Hiroshima & Nagasaki Remembered
60 years later
J. Robert Oppenheimer (1904-1967)
Julius Robert Oppenheimer was born in New York City on April 22, 1904. He entered Harvard in 1922 intending to become a chemist, but soon switched to physics. He graduated summa cum laude in 1925 and went to England to conduct research at Cambridge University's Cavendish Laboratory. Max Born invited him to Göttingen University, where he met other prominent physicists, such as Niels Bohr and Paul Dirac, and where, in 1927, he received his doctorate.

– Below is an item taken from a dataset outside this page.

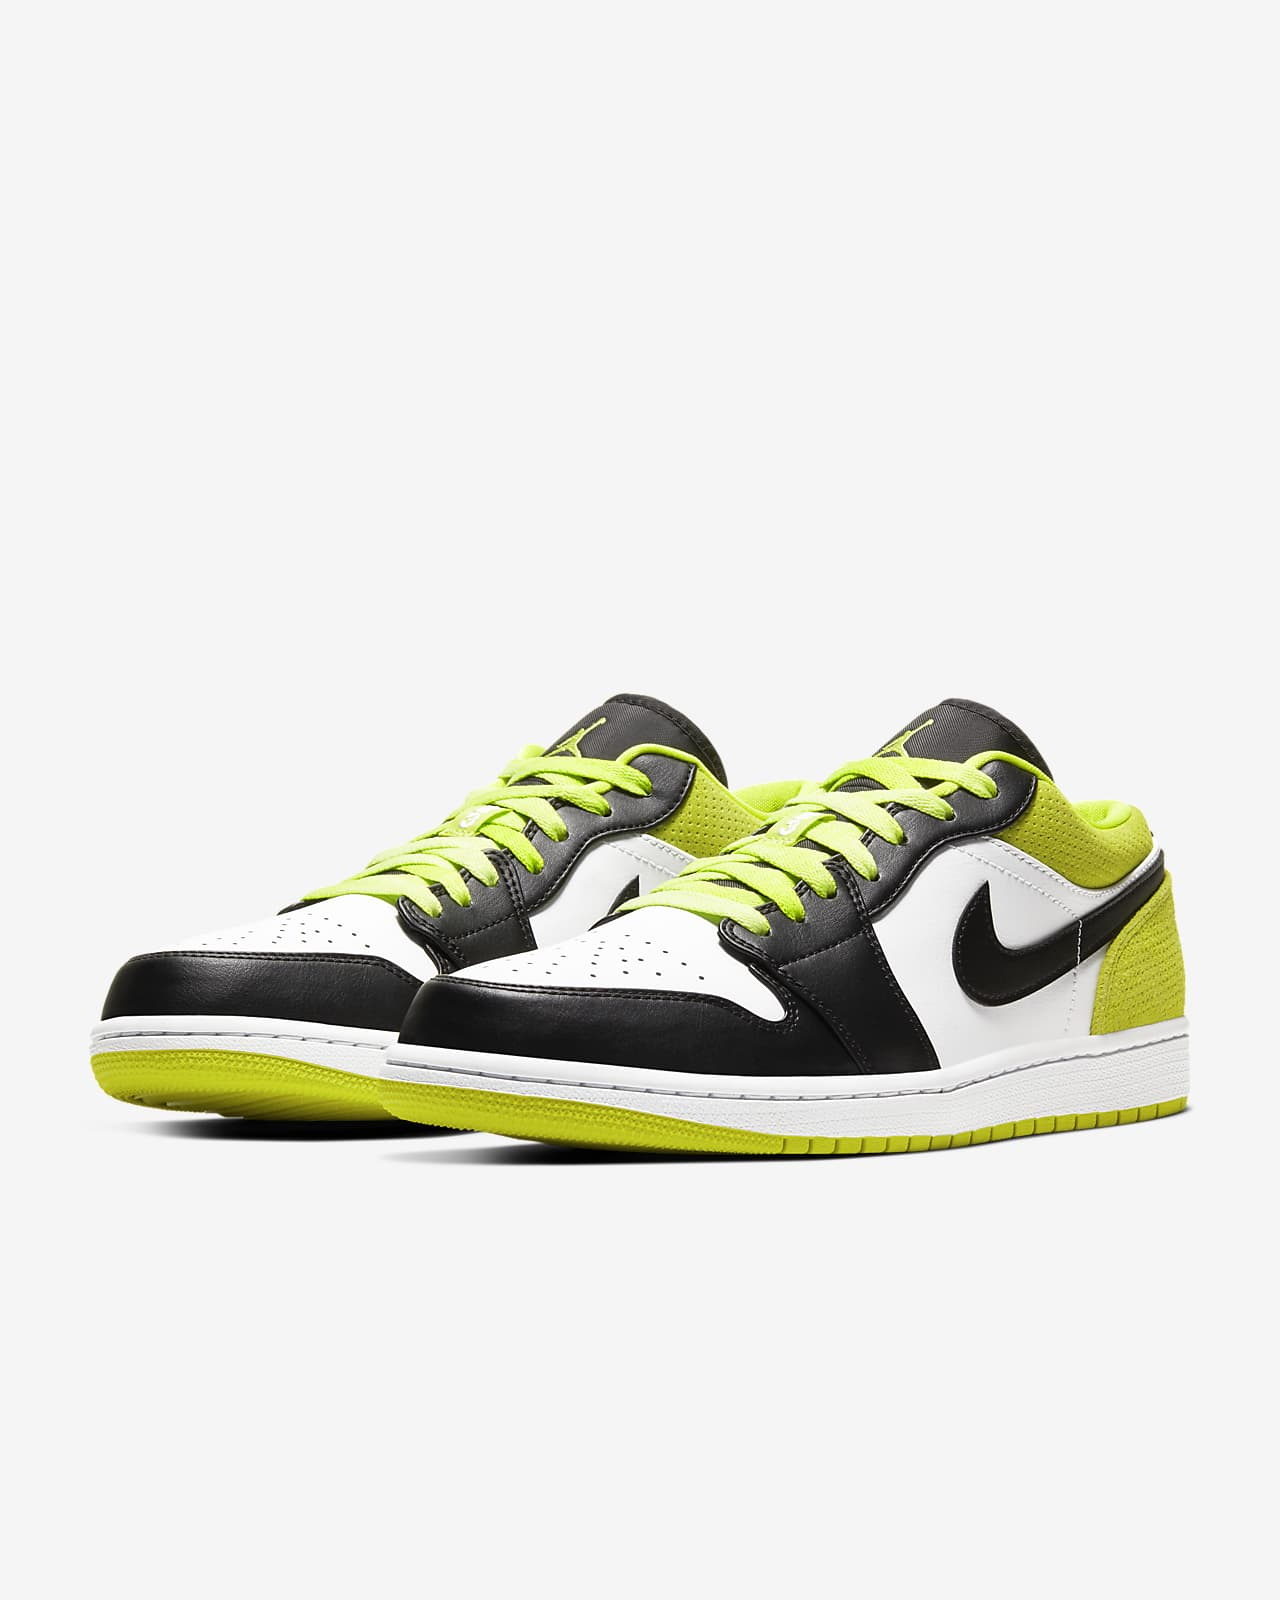 Air Jordan 1 Low SE Shoe. Nike SG

Upon his return to the United States in 1929, he became a professor of physics at both the University of California at Berkeley and California Institute of Technology. In the ensuing 13 years, he'commuted' between the two universities. Many of his associates and students commuted with him. Oppenheimer's early research was devoted in particular to energy processes of subatomic particles and quantum theory.
In June 1942, Oppenheimer was appointed the technical Director of the Manhattan Project. Under his guidance, the laboratories at Los Alamos were constructed. There he brought the best minds in physics to work on the problem of creating an atomic bomb. In the end he was managing more than three thousand people, as well as tackling theoretical and mechanical problems that arose. He is often referred to as the "father" of the atomic bomb.

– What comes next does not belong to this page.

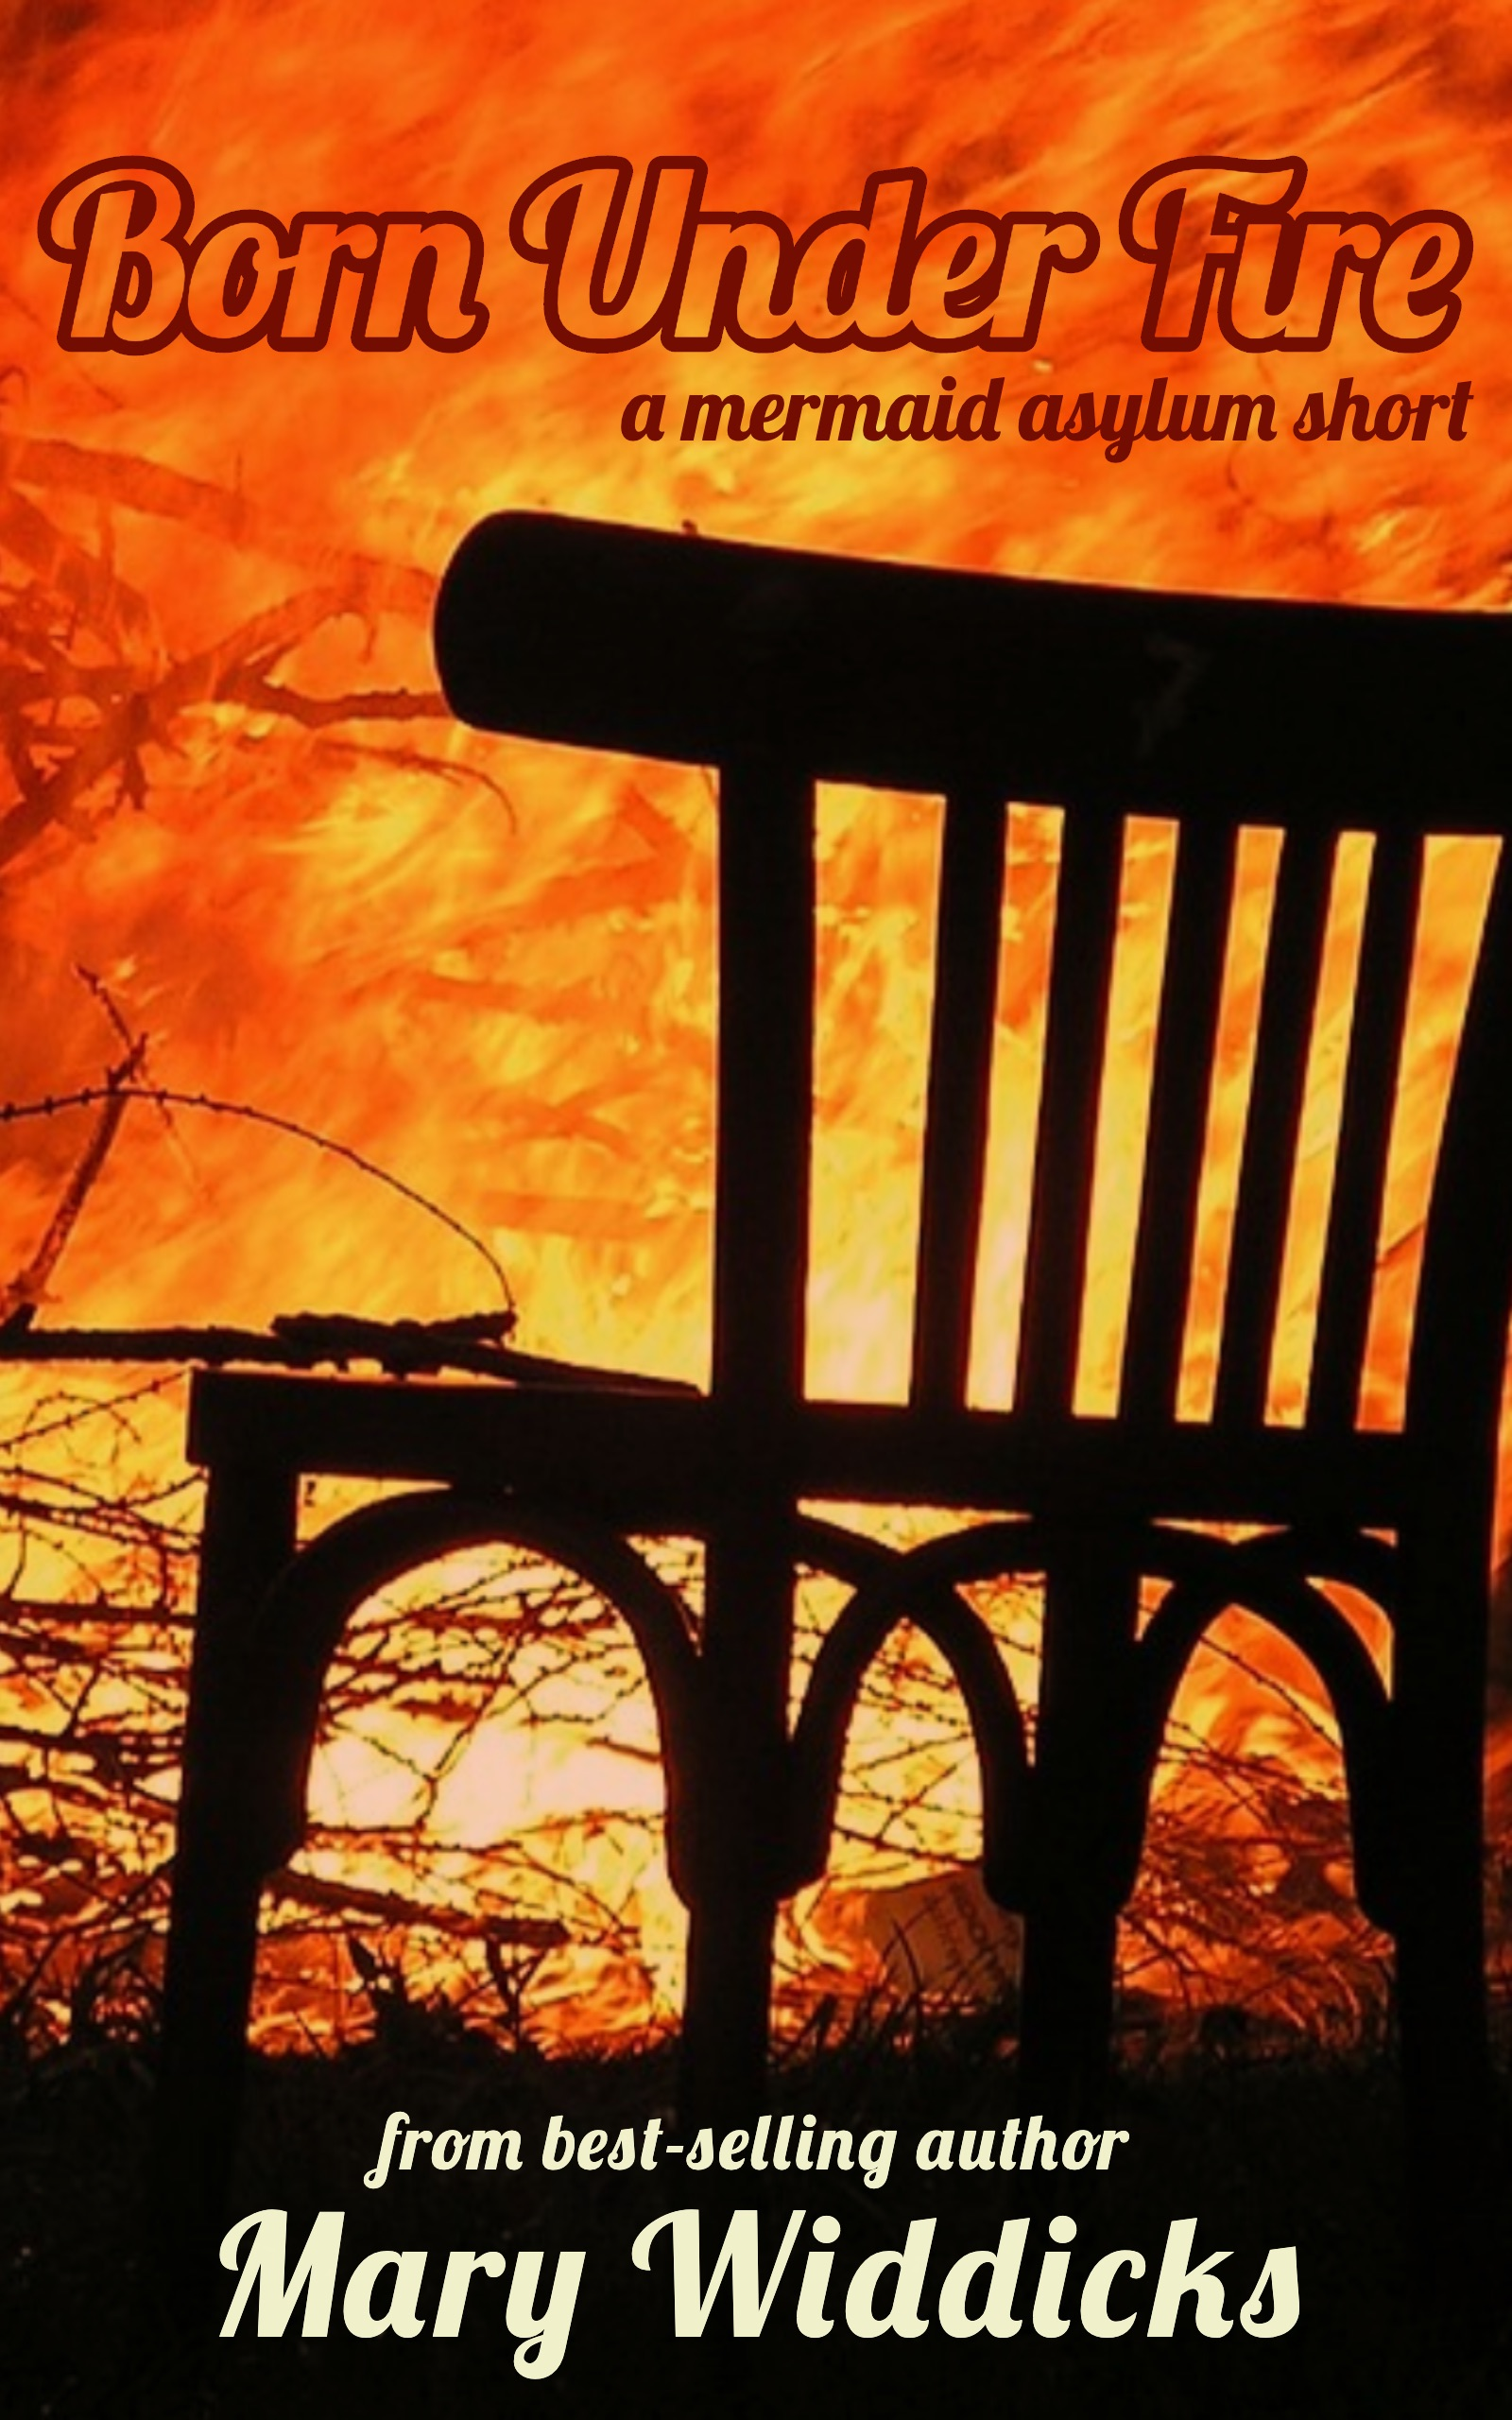 Fire cover.jpg

He was appointed Chairman of the General Advisory Committee to the Atomic Energy Commission (AEC), serving from 1947 to 1952. It was in this role that he voiced strong opposition to the development of the hydrogen bomb. In 1953, at the height of U.S. anticommunist feeling, Oppenheimer was accused of having communist sympathies, and his security clearance was taken away. The scientific community, with few exceptions, was deeply shocked by the decision of the AEC. In 1963, President Lyndon B. Johnson attempted to redress these injustices by honoring Oppenheimer with the Atomic Energy Commission's prestigious Enrico Fermi Award.
From 1947 to 1966, he also served as the Director of Princeton's Institute for Advanced Study. There he stimulated discussion and research in quantum and relativistic physics. Oppenheimer retired from Princeton in 1966 and died of throat cancer on February 18, 1967.